La edición genética da un paso histórico en la protección de los bosques europeos. Un equipo internacional liderado por el Consejo Superior de Investigaciones Científicas (CSIC) ha conseguido editar por primera vez un gen de susceptibilidad en una especie forestal, el castaño europeo (Castanea sativa), utilizando la tecnología CRISPR/Cas9. El avance abre una nueva vía para desarrollar árboles con mayor resistencia frente a enfermedades que amenazan la supervivencia de los castañares.

El estudio, publicado en la revista científica Plant Stress, supone un hito para la biotecnología forestal, al demostrar que la edición dirigida de genes propios de la planta puede aumentar su tolerancia frente a patógenos sin introducir genes externos.
Un avance pionero para combatir la enfermedad de la tinta del castaño
La investigación ha sido liderada por el grupo de Biotecnología y Mejora Forestal de la Misión Biológica de Galicia (MBG-CSIC), con la colaboración de la Universidad de Turín, la Universidad Politécnica de Madrid y la Universidad de Santiago de Compostela.
El objetivo del trabajo fue inactivar mediante CRISPR/Cas9 el gen de susceptibilidad Cspmr4, un gen propio del castaño cuya actividad aumenta tras la infección por Phytophthora cinnamomi, el microorganismo responsable de la enfermedad de la tinta, una de las patologías más devastadoras para esta especie y cuya incidencia se ha visto agravada por el cambio climático.
A diferencia de otros genes implicados en la defensa, los genes de susceptibilidad son aprovechados por determinados patógenos para facilitar la infección. Su silenciamiento reduce esa vulnerabilidad y puede incrementar la resistencia natural de la planta.
Más resistencia frente al patógeno gracias a la edición genética
La investigadora de la MBG-CSIC Elena Corredoira Castro explica que el castaño europeo constituye una especie de enorme valor ecológico, económico y cultural, pero se enfrenta a amenazas crecientes como la enfermedad de la tinta y el cáncer del castaño.
«Una prometedora estrategia de edición genética para conferir tolerancia a patógenos consiste en inactivar los genes de susceptibilidad en las plantas», señala.
Para lograrlo, el equipo combinó la tecnología CRISPR/Cas9 con técnicas de embriogénesis somática, un sistema de regeneración desarrollado durante décadas por el propio grupo de investigación que permite obtener plantas completas a partir de células editadas, una de las principales dificultades en especies forestales.

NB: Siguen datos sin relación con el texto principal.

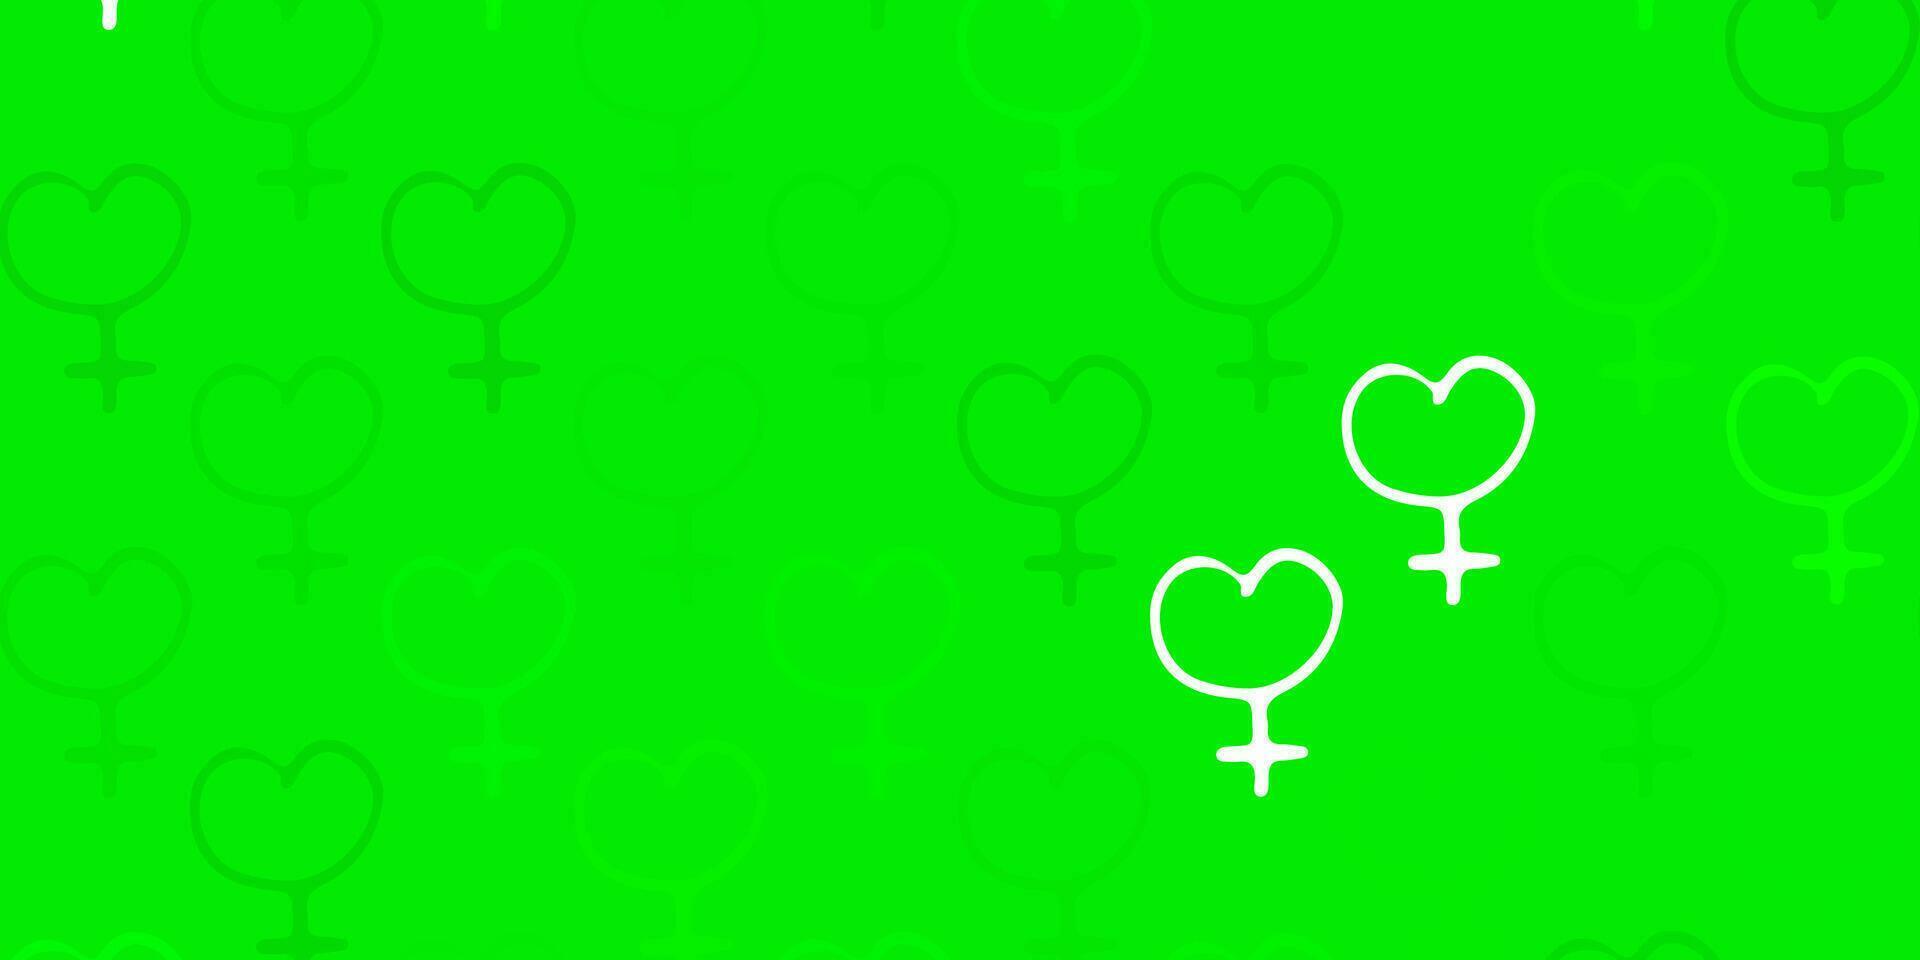 ljusgrönt vektormönster med feminismelement. vektor

Según explica Corredoira, «combinando los sistemas de embriogénesis somática definidos por nuestro grupo con la técnica de CRISPR-Cas9 es posible tanto incorporar genes marcadores como modificar los relacionados con la resistencia a enfermedades«.
Las plantas editadas sobreviven mejor a la enfermedad
Los investigadores lograron editar con elevada eficacia el gen Cspmr4 en embriones de castaño, obteniendo principalmente mutaciones homocigotas o bialélicas.
Aunque la regeneración de plantas completas aún presenta limitaciones técnicas, los ensayos demostraron que las plantas editadas mostraban una tolerancia significativamente mayor frente a Phytophthora cinnamomi, con mayores tasas de supervivencia y una menor necrosis en las raíces.
Los resultados respaldan la hipótesis de que la inactivación de este gen activa mecanismos de defensa de la planta y constituye una estrategia viable para mejorar genéticamente el castaño.
Un paso decisivo para proteger los bosques frente al cambio climático
La investigación se desarrolló principalmente en los laboratorios de la Misión Biológica de Galicia dentro de dos proyectos financiados por la Agencia Estatal de Investigación, centrados en el desarrollo de genotipos de castaño y encina con mayor tolerancia a Phytophthora cinnamomi.
Los investigadores consideran que este trabajo constituye la primera demostración de la edición eficaz de un gen de susceptibilidad en una especie forestal, un avance que sienta las bases para desarrollar nuevas estrategias de mejora genética en árboles frente a enfermedades emergentes.
Además de contribuir a la conservación de los ecosistemas forestales, esta tecnología podría favorecer una producción de castaña más sostenible en las principales regiones productoras del noroeste de la Península Ibérica y de otros territorios europeos.